> **WHAT YOU ARE ASKED TO DO**:
Write out again, word for word, the lines below from the line that holds "touch of history.</p>" through the line that holds "The Shred Shop", omitting pictures.

> **MATERIAL FOR THIS TASK**:
- - -

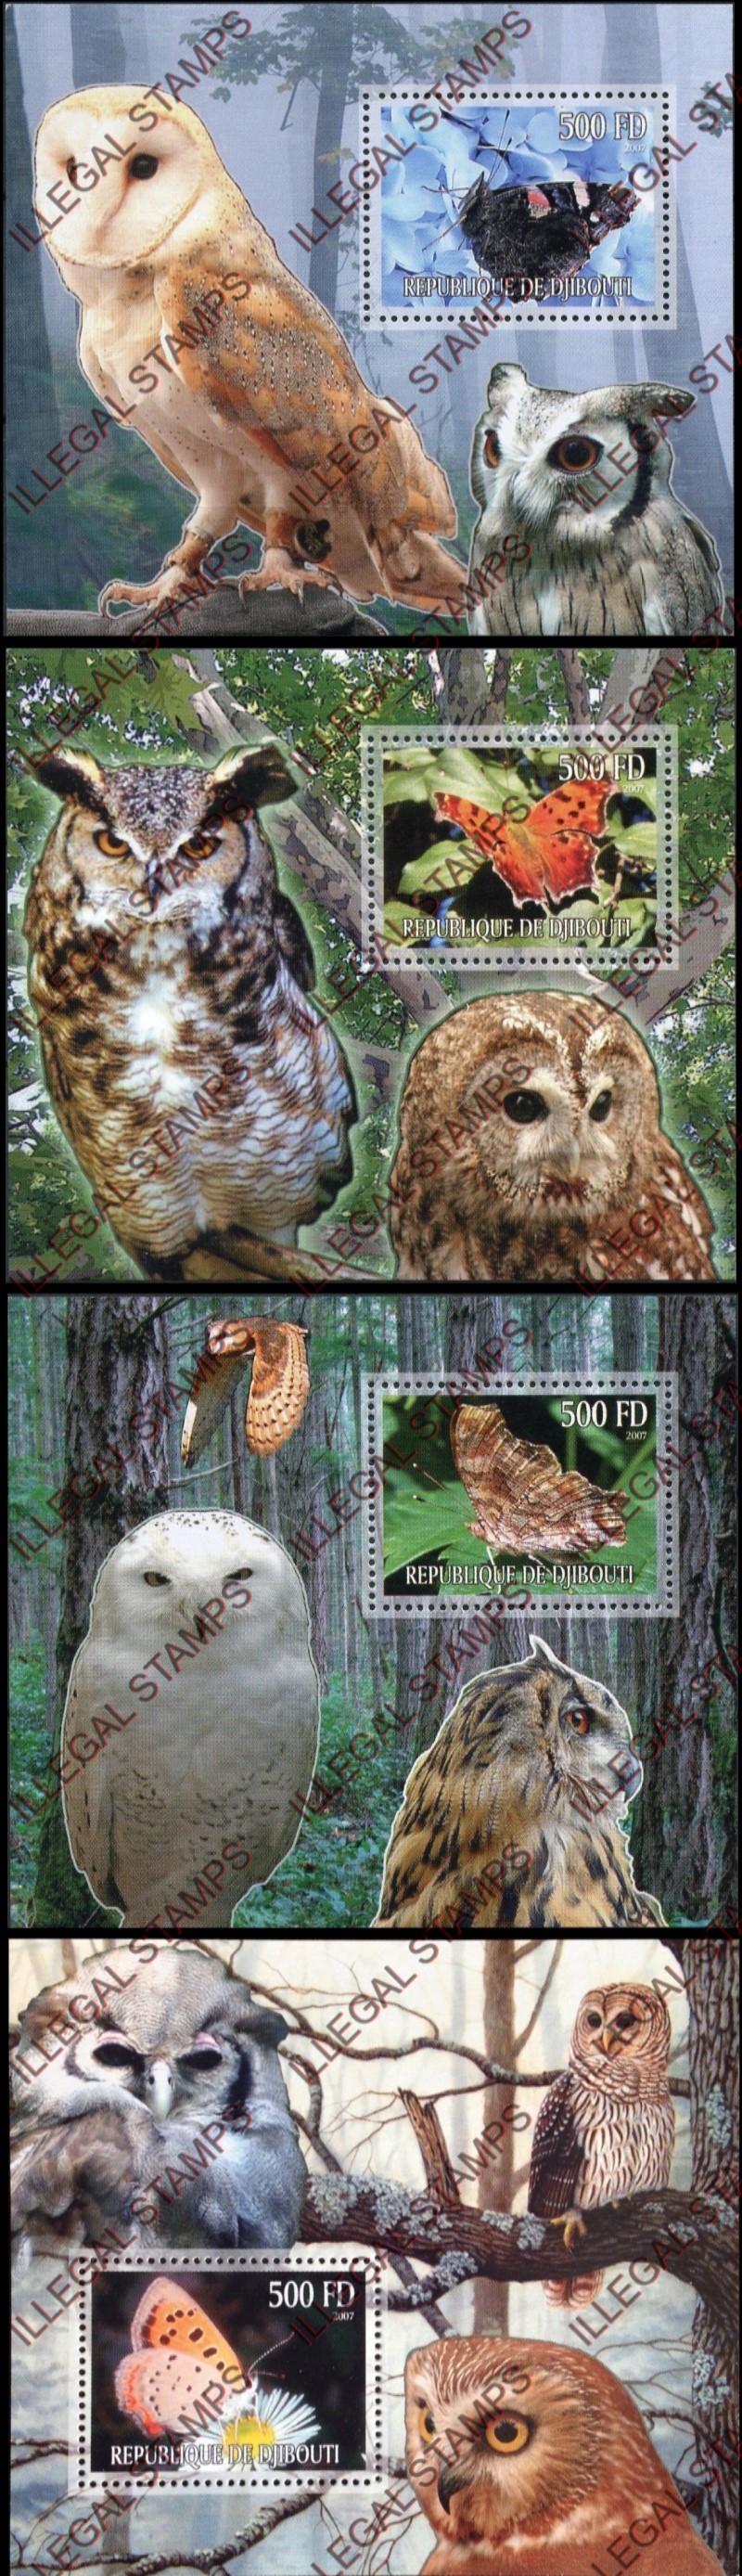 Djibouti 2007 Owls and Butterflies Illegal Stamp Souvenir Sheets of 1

- - -

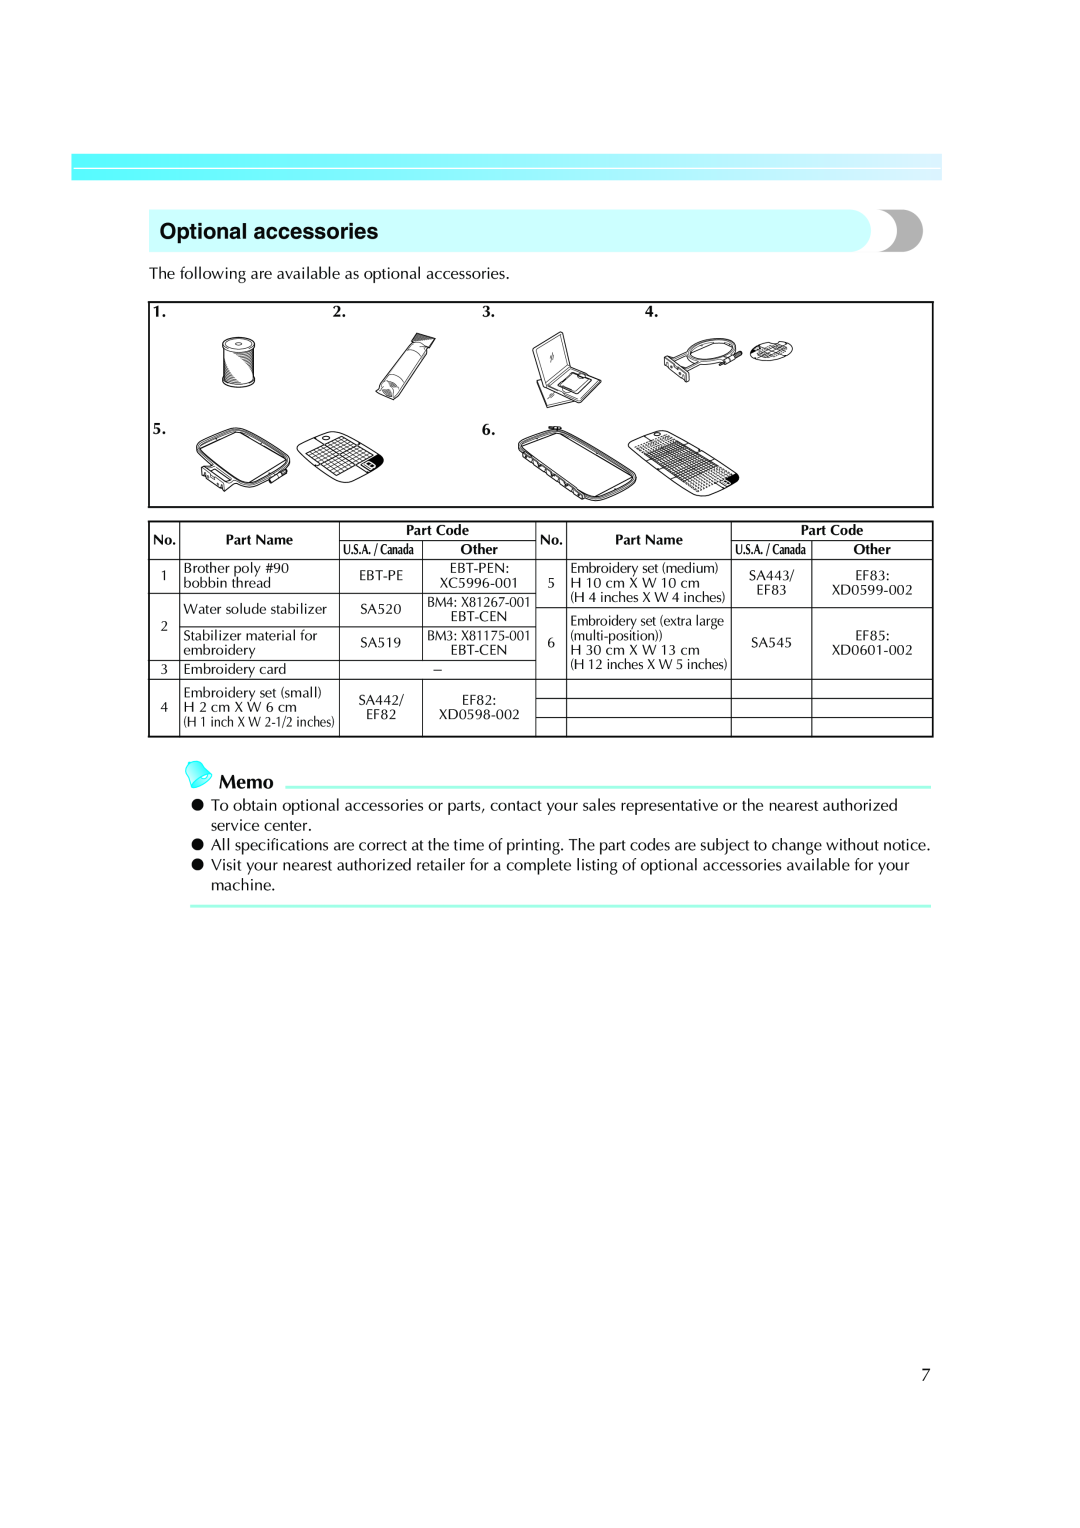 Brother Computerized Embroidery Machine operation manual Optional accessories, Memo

- - -

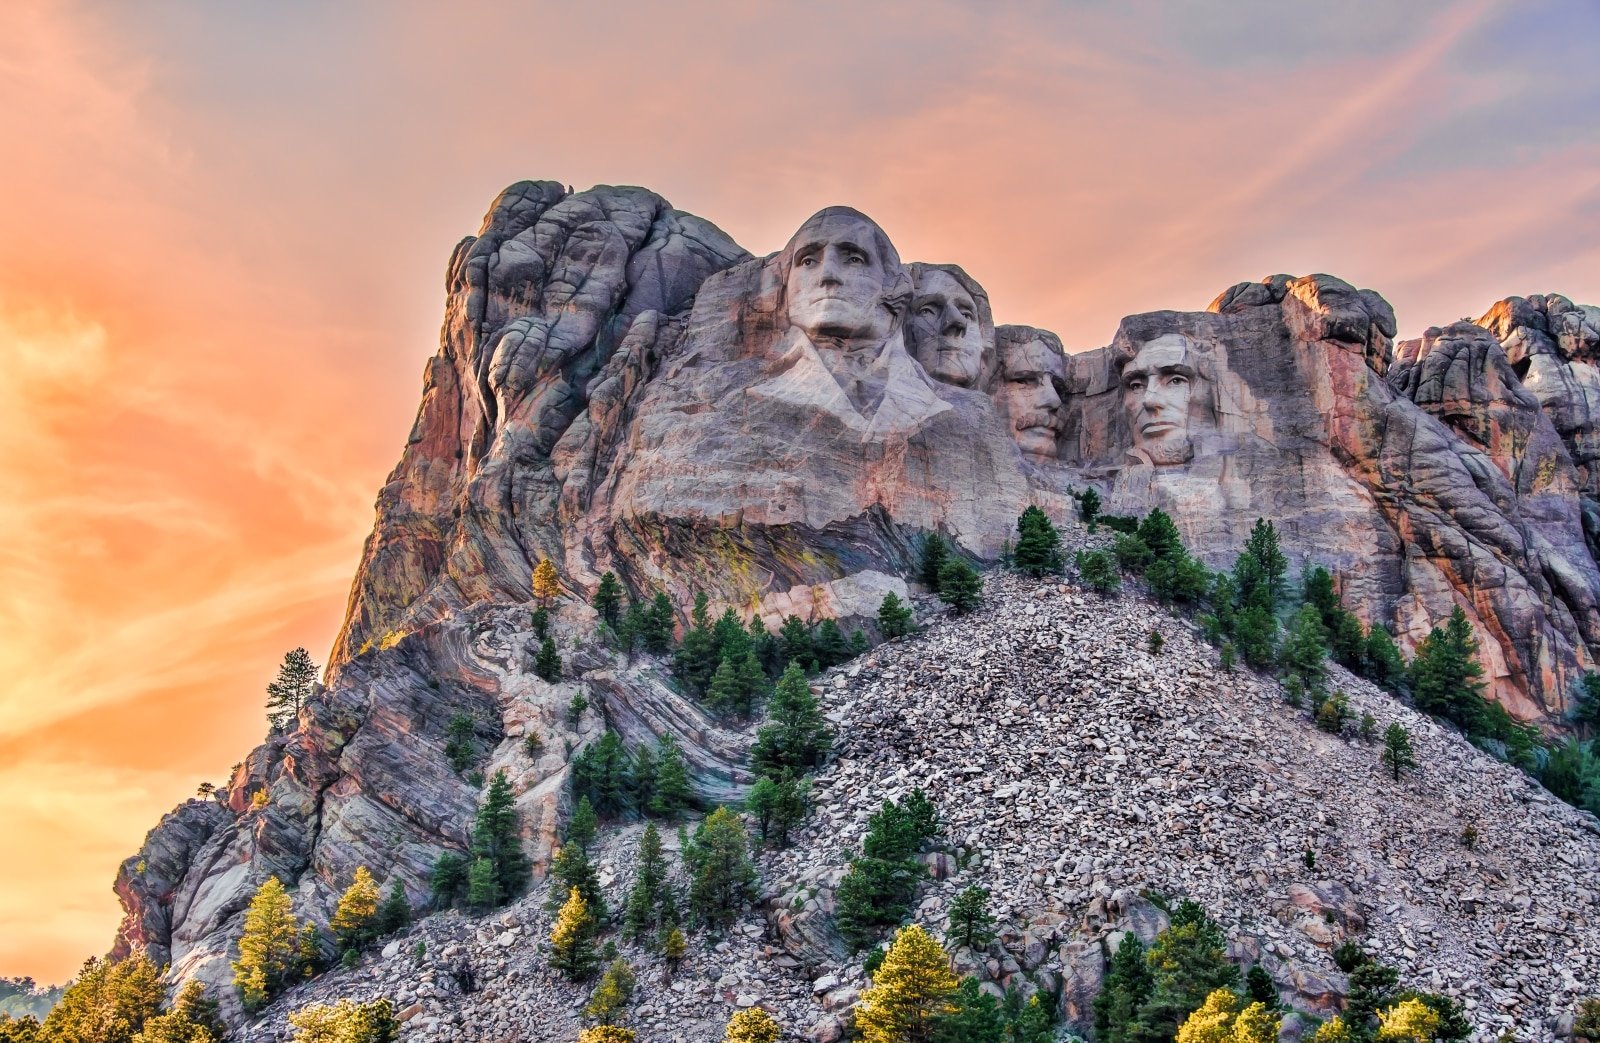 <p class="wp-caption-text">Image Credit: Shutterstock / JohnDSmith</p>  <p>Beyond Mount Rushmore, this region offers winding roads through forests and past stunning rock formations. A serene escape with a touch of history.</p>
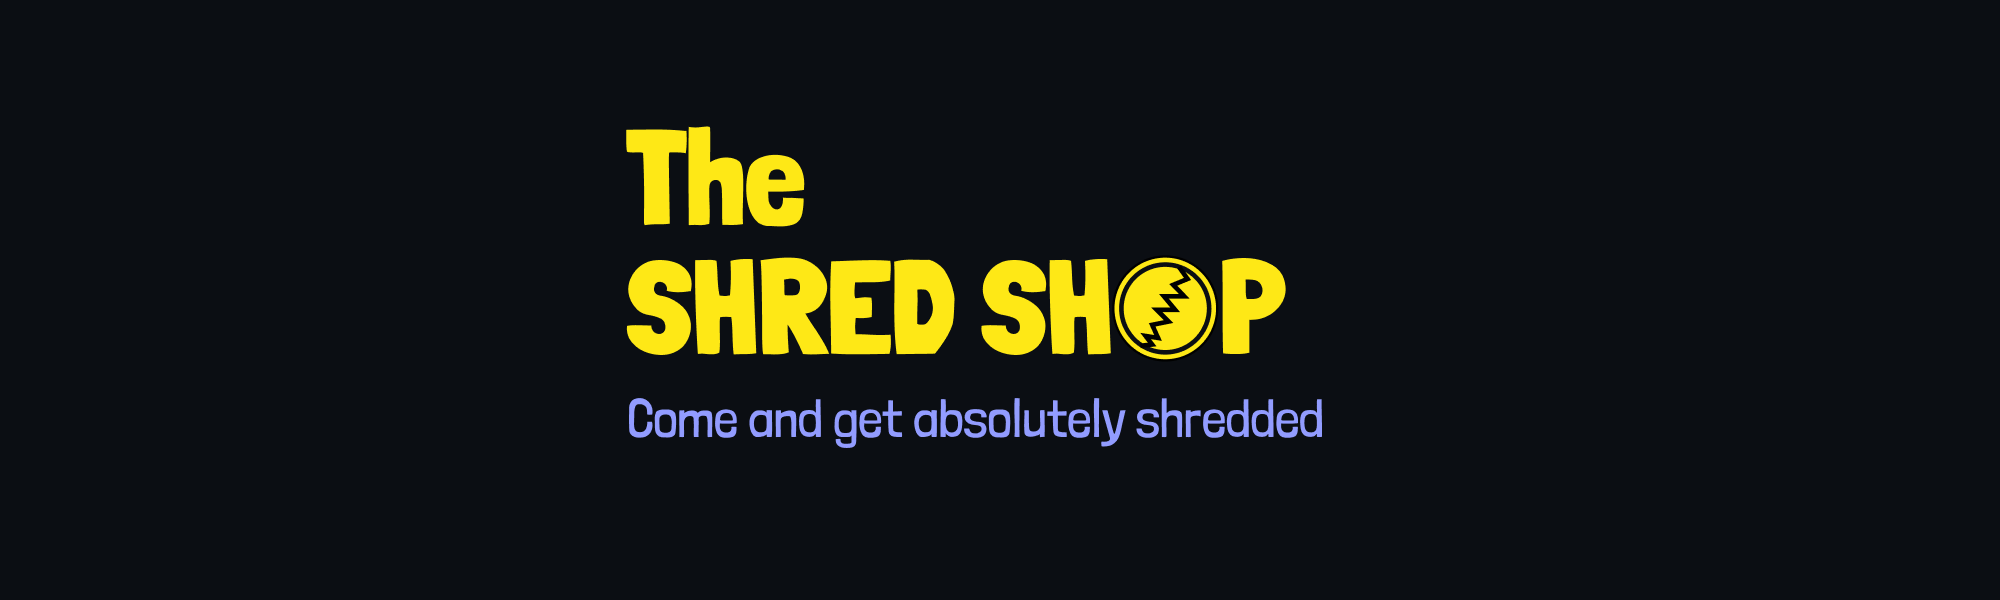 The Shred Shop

- - -

> **ANSWER SECTION**:
 <p class="wp-caption-text">Image Credit: Shutterstock / JohnDSmith</p>  <p>Beyond Mount Rushmore, this region offers winding roads through forests and past stunning rock formations. A serene escape with a touch of history.</p>
 The Shred Shop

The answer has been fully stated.